- _Task instructions_: Print the whole listing exactly as it appears, but skip the pictures.

- _Material provided_:
◆ ◆ ◆
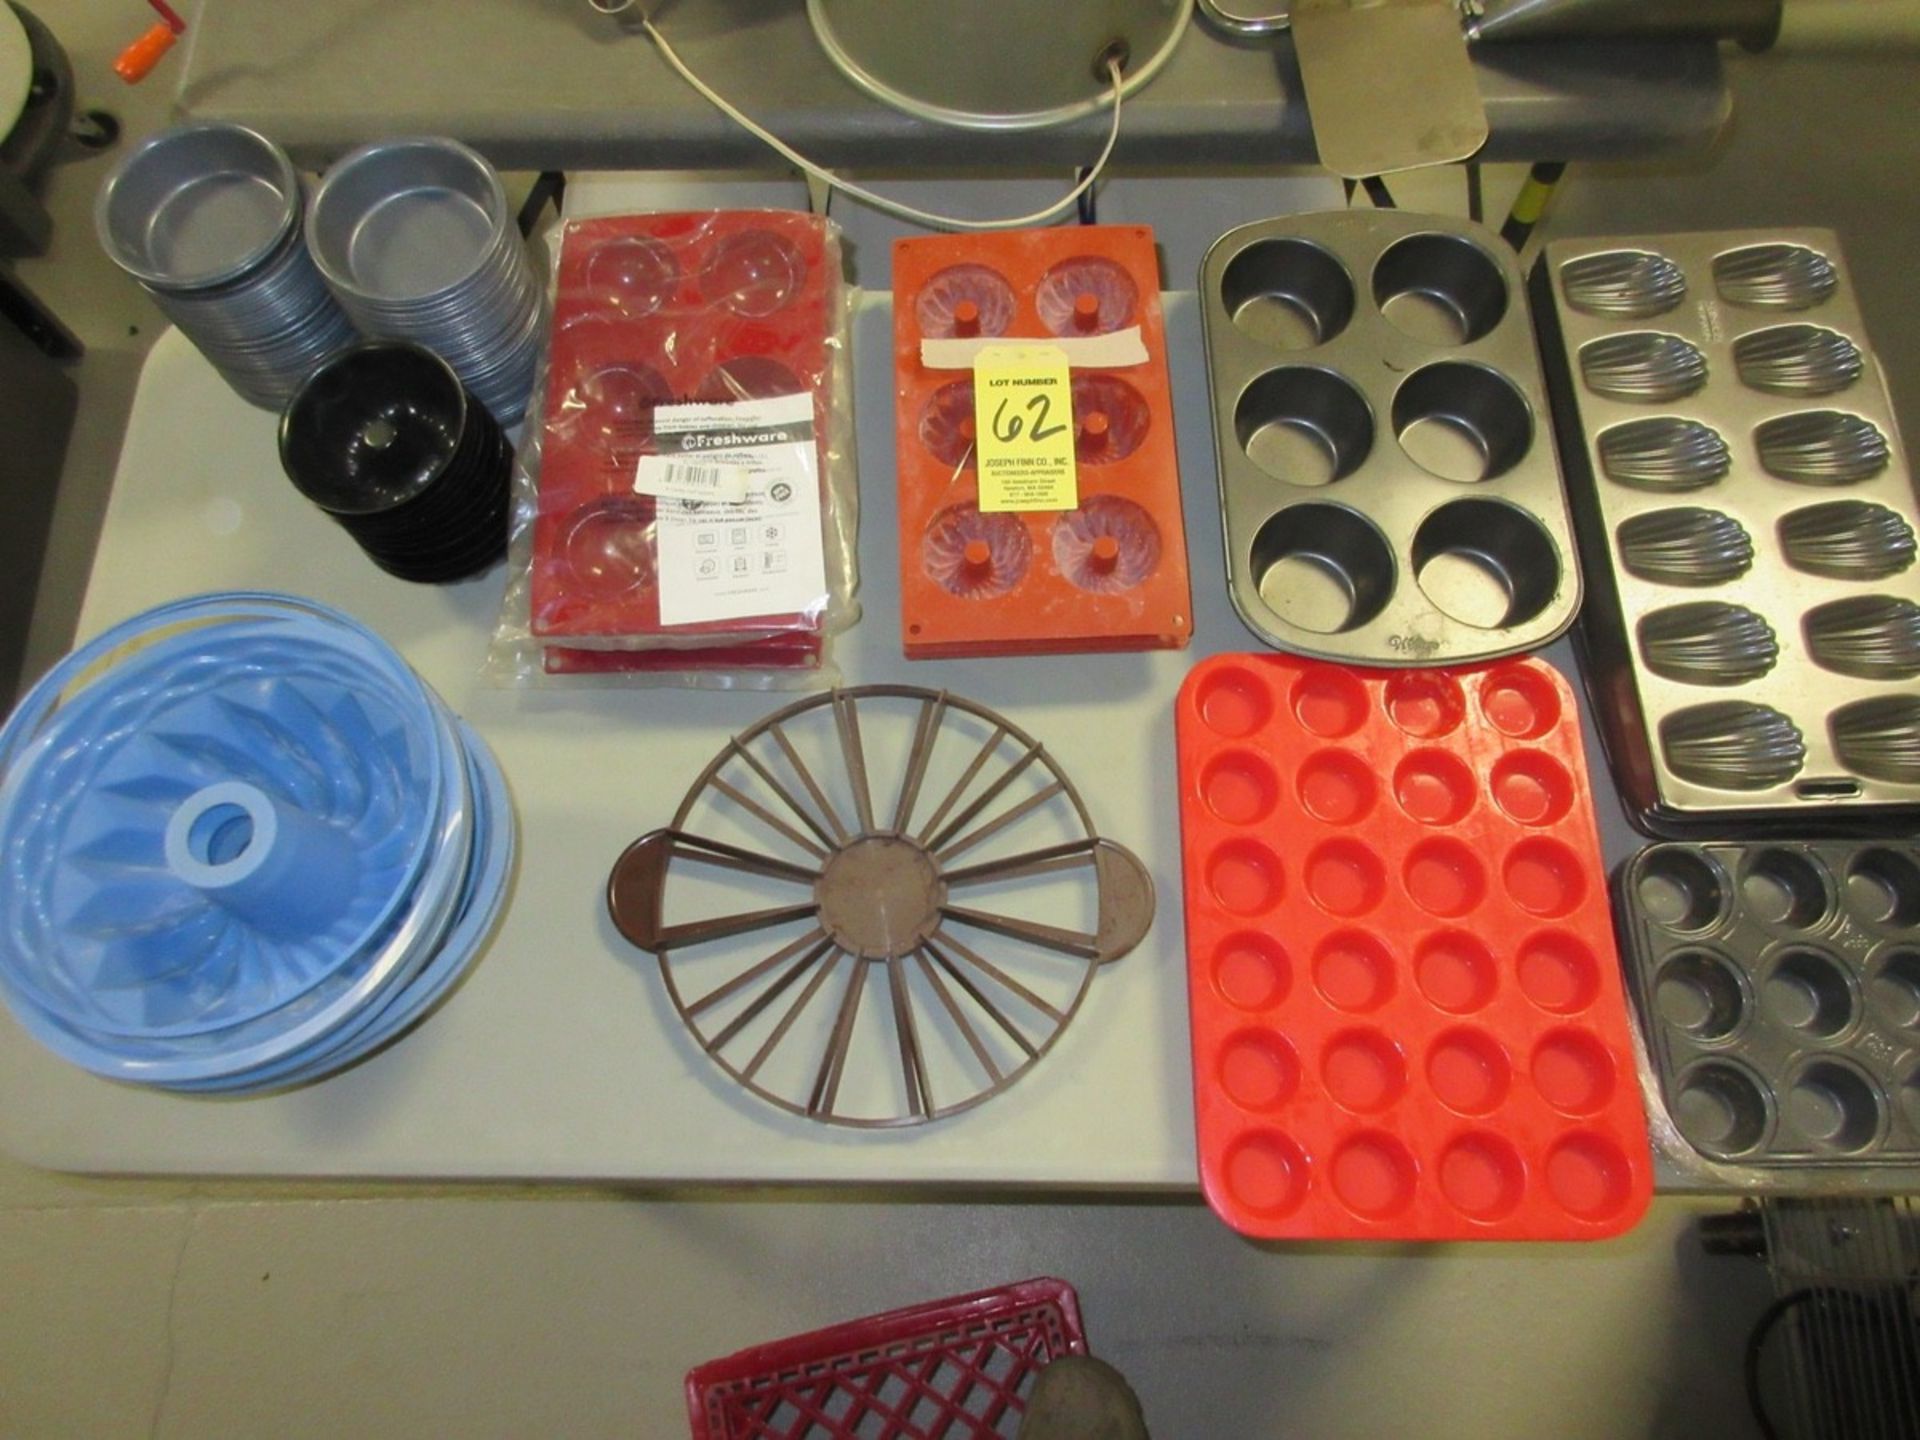 LOT Asst. Muffin Pans, Molds, Pans on Table
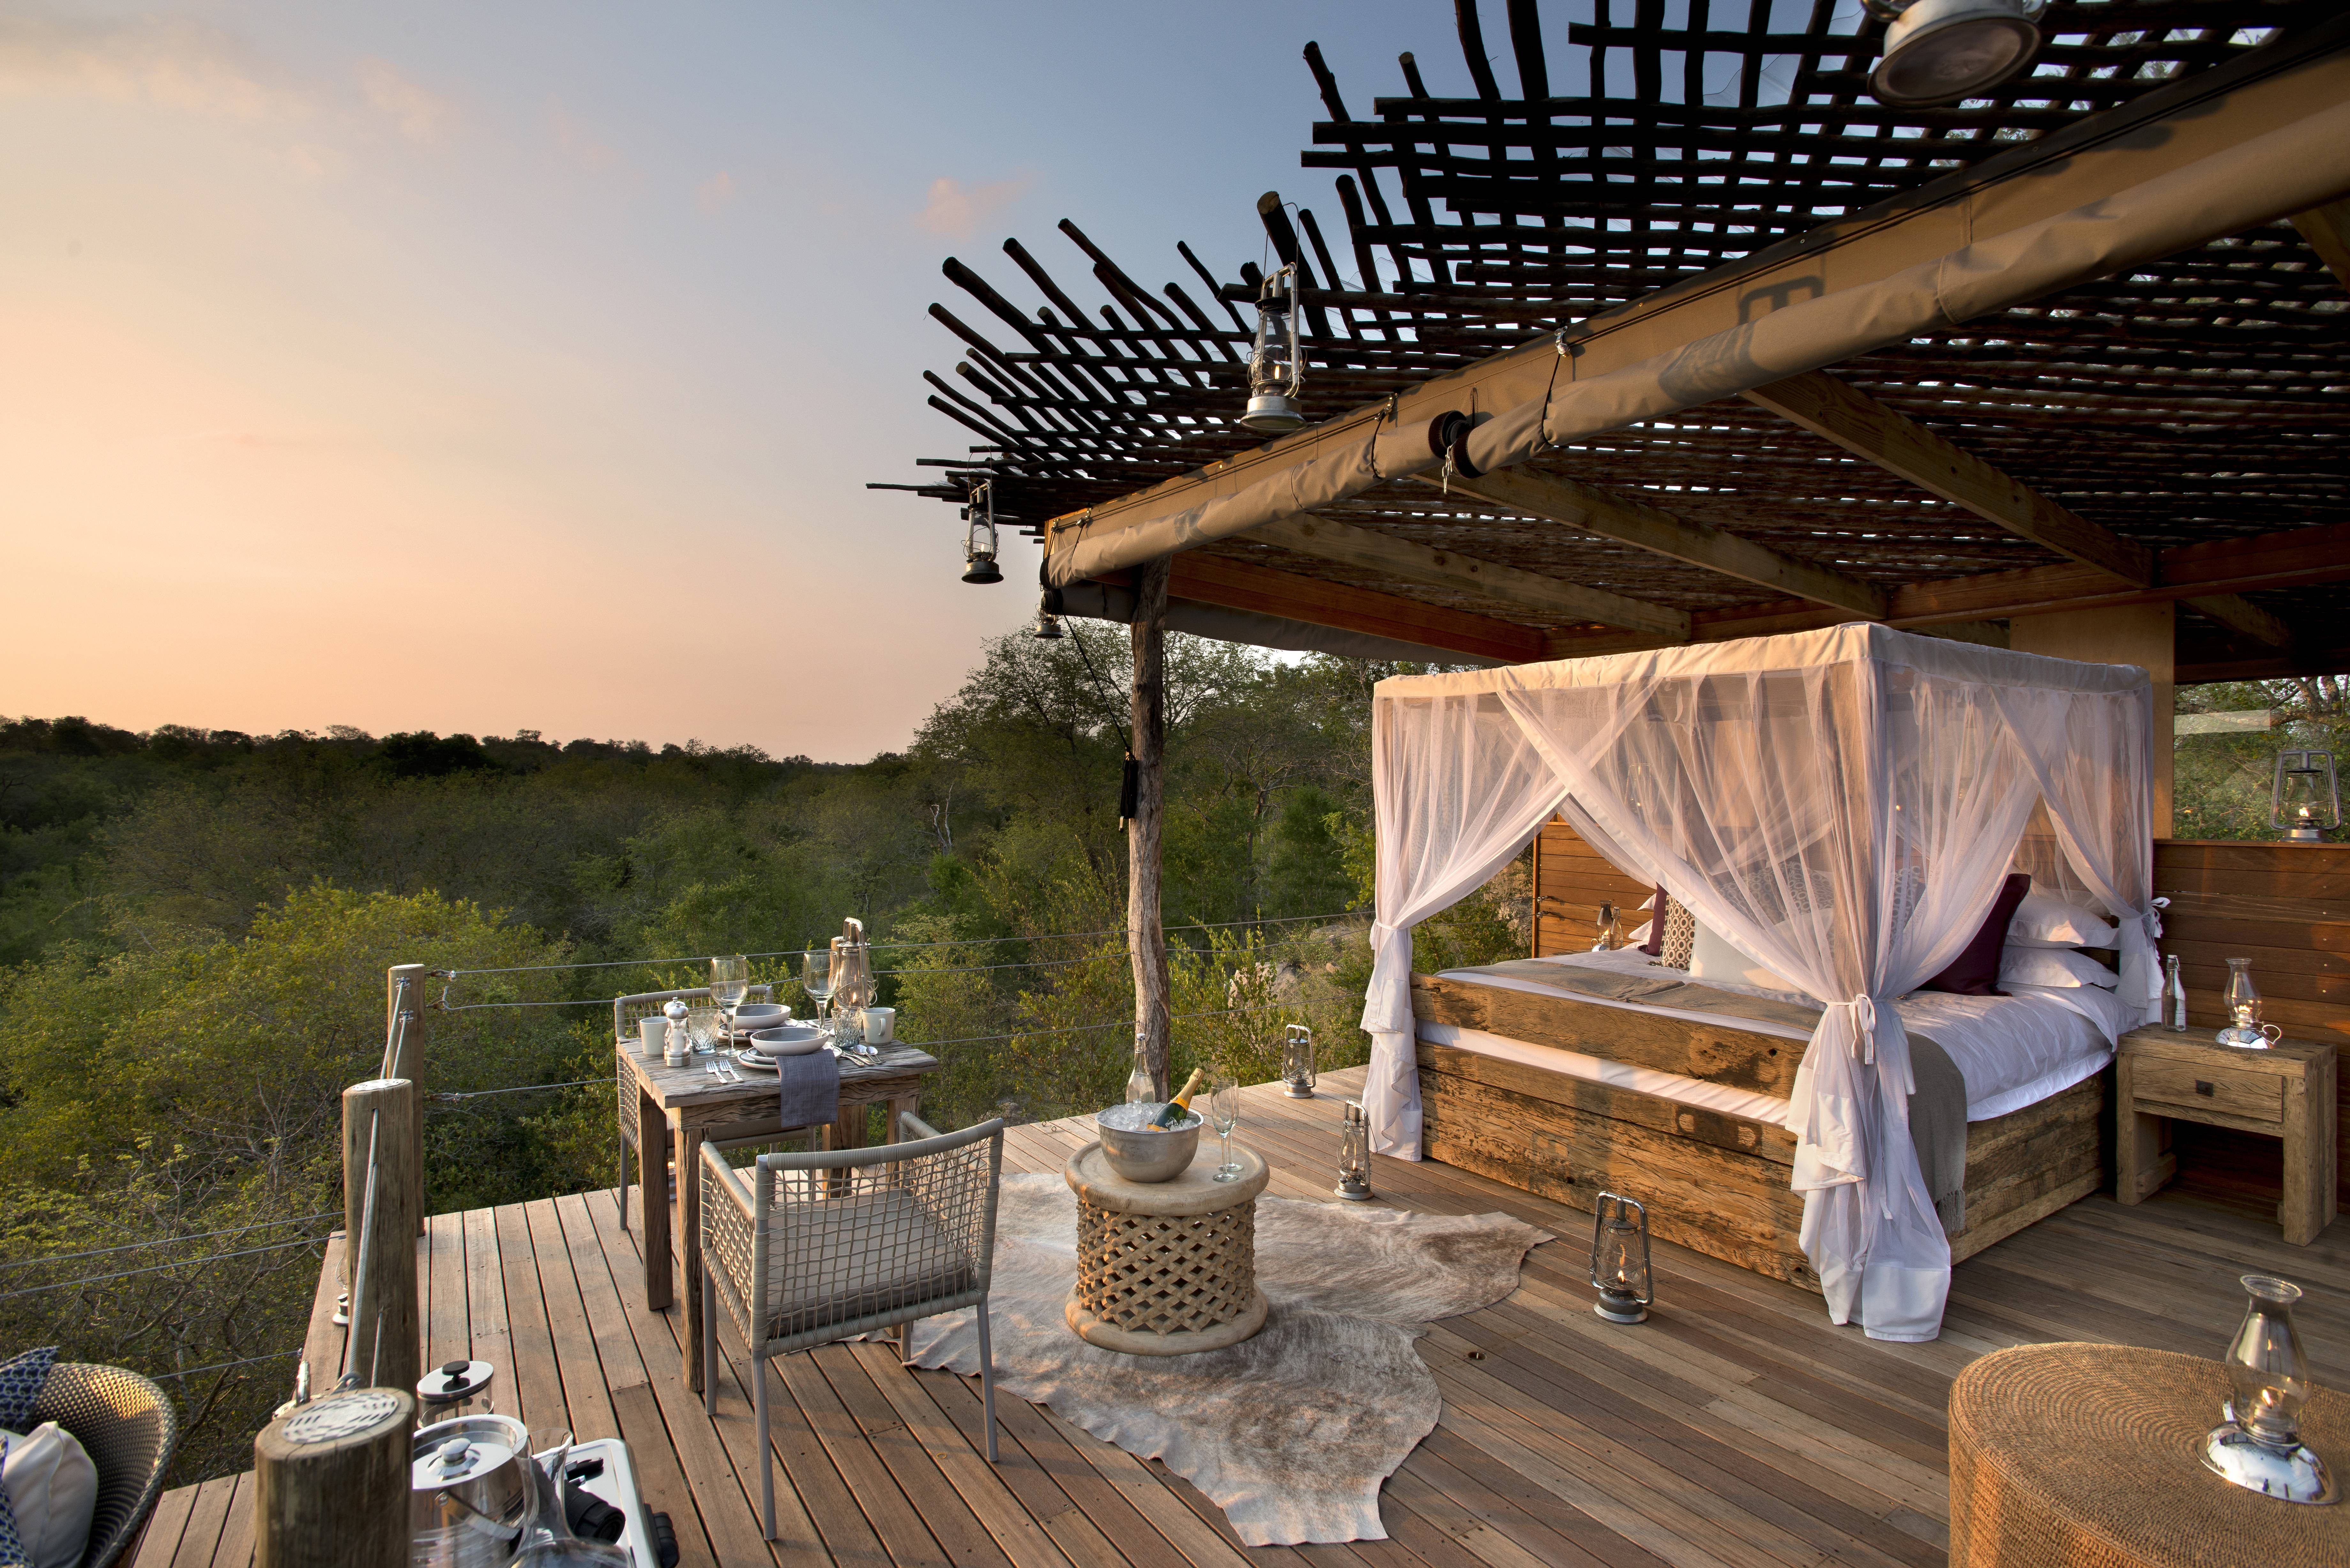 Lion Sands Reserve, South Africa, Hotel, Outdoors, Sunset, Nature, Bed, Candles Wallpaper
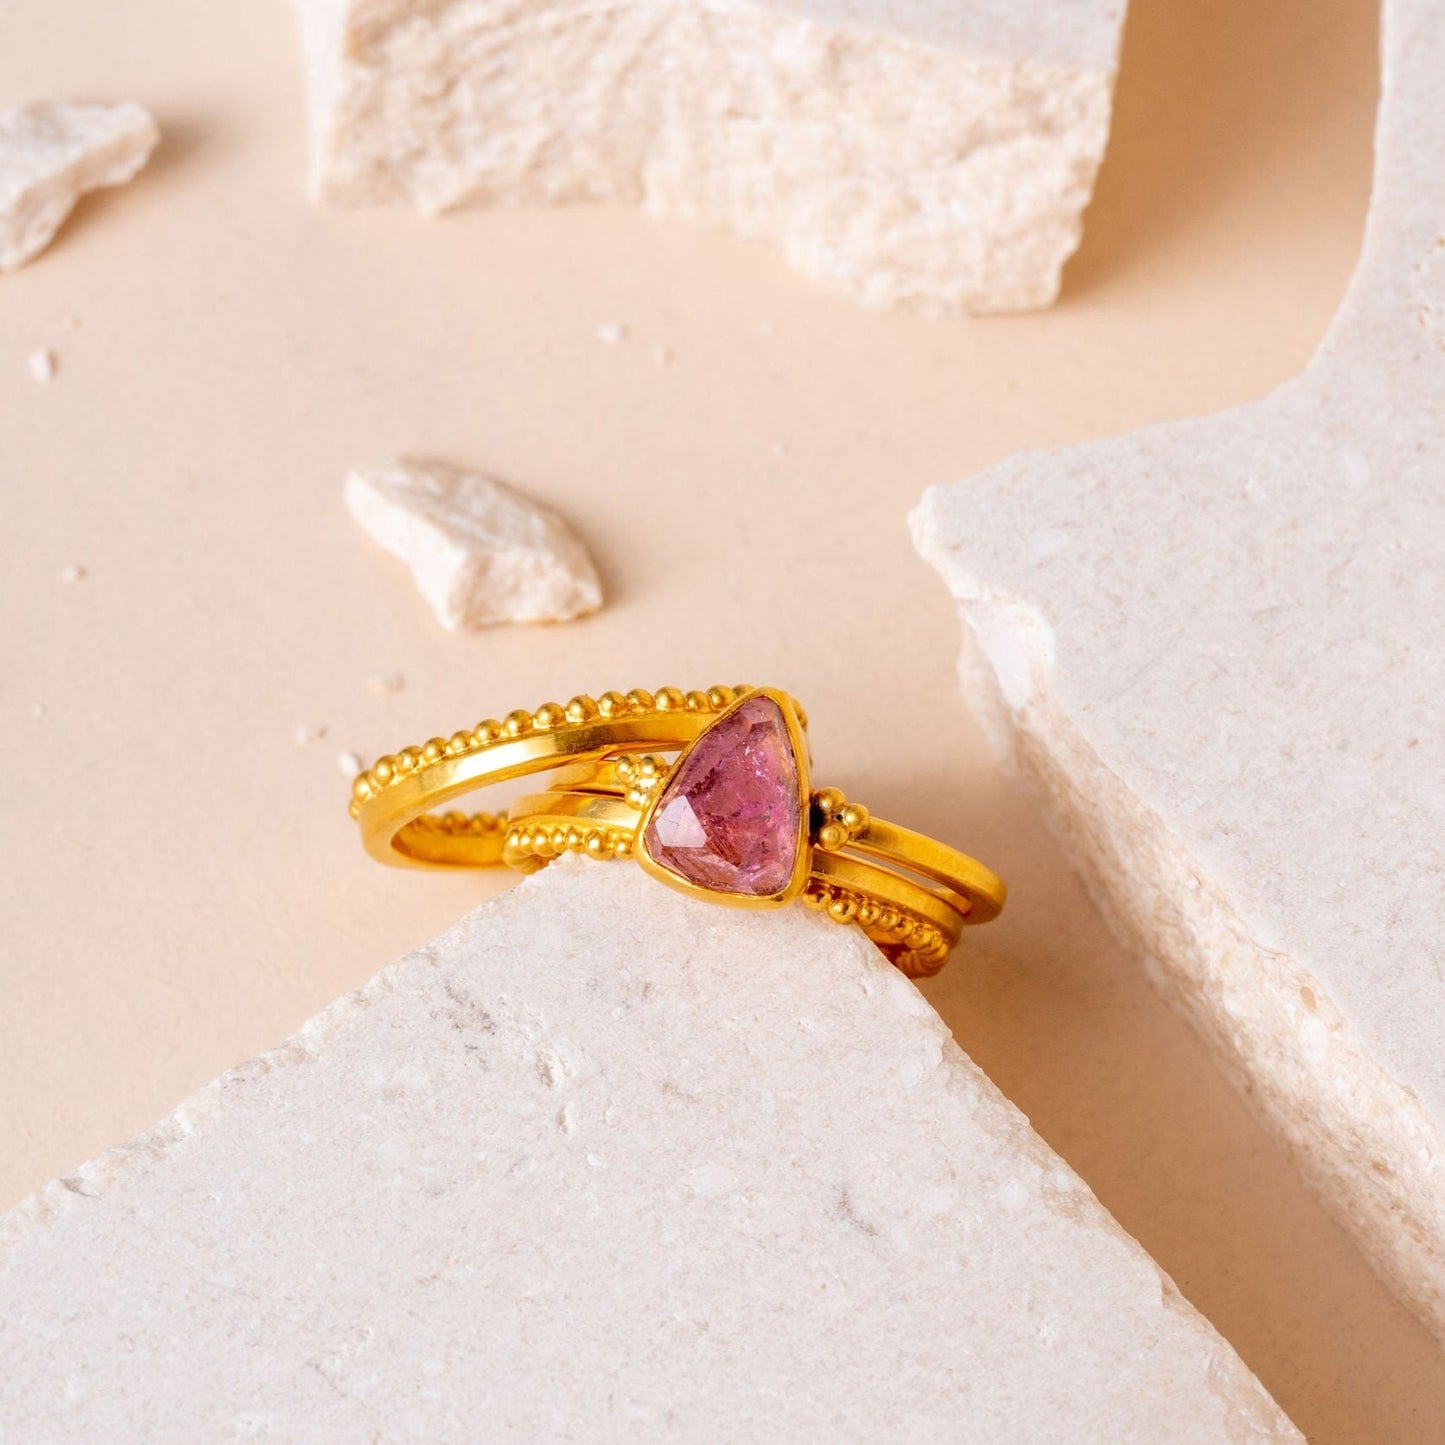 A collection of gold rings, one adorned with a lovely pink tourmaline gem and delicate granulation showing exquisite craftsmanship.
◆ ◆ ◆
- _Problem solution_:
 LOT Asst. Muffin Pans, Molds, Pans on Table
 Lion Sands Reserve, South Africa, Hotel, Outdoors, Sunset, Nature, Bed, Candles Wallpaper
 A collection of gold rings, one adorned with a lovely pink tourmaline gem and delicate granulation showing exquisite craftsmanship.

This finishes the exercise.